9. The system of claim 8 wherein the rails (201) are fastened with the interspinous device (101) using a bolt (5) with a nut (6).

10. The system of claim 1 wherein an interspinous device (102) is composed of a body (2) with wings (7) and threaded studs (9) which are attached to both sides of the body (2).

11. The system of claim 10 wherein the rails (201) are mounted to the interspinous device (102) using the nuts (6) which are screwed on the threaded studs (9) sticking out from the sides of the interspinous devices (102).

12. The system of claim 8 or 10 wherein the surface of the interspinous devices (101, 102) or a part thereof including the inner surface of the wings (7) is smooth, ribbed, roughened or porous or have other surface alterations including introduction of bioactive agents.

13. The system of claim 1 wherein the rail (200, 201) or a part thereof is made of a porous material.

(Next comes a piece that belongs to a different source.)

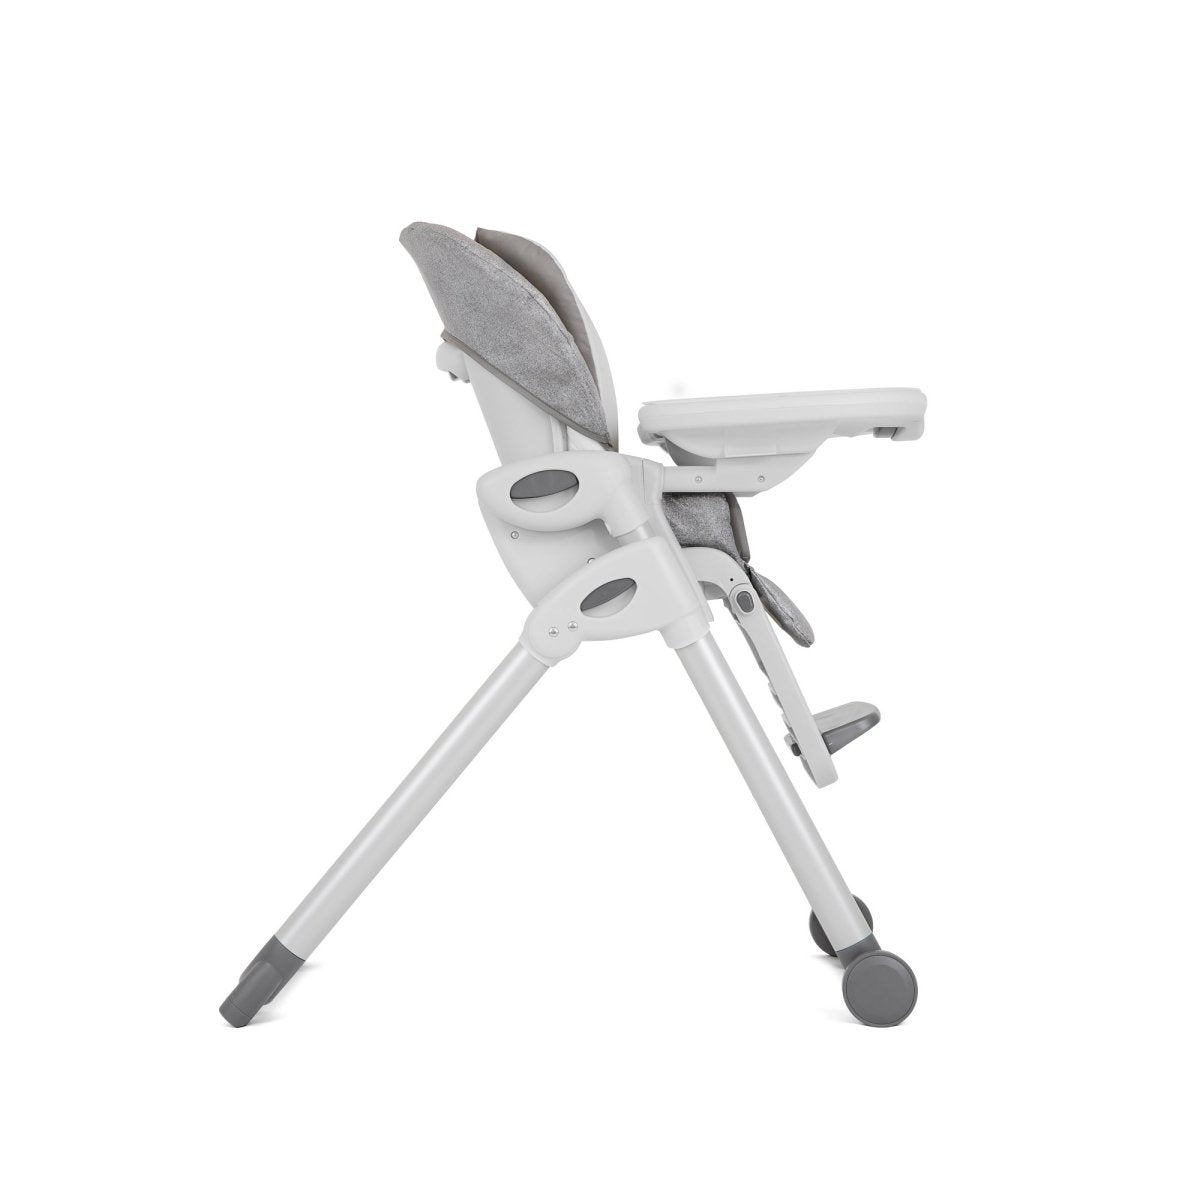 Joie High Chair Mimzy Recline Elephant Duo Birth to 15 Kgs - H1013DAELD000

14. The system of claim 1 wherein the interspinous device (100, 101, 102) or a part thereof is produced of a porous material.

15. The system of claim 1 wherein the rail (200, 201) is made of titanium, its alloy, stainless steel and/or polymers, ultra high molecular weight polyethylene (UHMWPE) or polyetheretherketone (PEEK) or combinations of the above-mentioned materials.

16. The system of claim 1 wherein the interspinous device (100, 101, 102) is produced from titanium, its alloy, stainless steel and/or polymers, ultra high molecular weight polyethylene (UHMWPE) or polyetheretherketone (PEEK), ceramics or combinations of the above-mentioned materials.

17. The method of spinal stabilisation characterised by simultaneous application of interspinous devices (100, 101, 102) and rails (200, 201) on at least two levels of a spine A wherein interspinous devices (100, 101,102) are located in at least two interspinous spaces comprising at least three spinous processes B as well as by usage of two rails (200, 201), one at each side of the spinous processes B.

18. The method of spinal stabilisation of claim 17 wherein the interspinous devices (100, 101, 102) are adapted to the interspinous spaces between the adjacent spinous processes.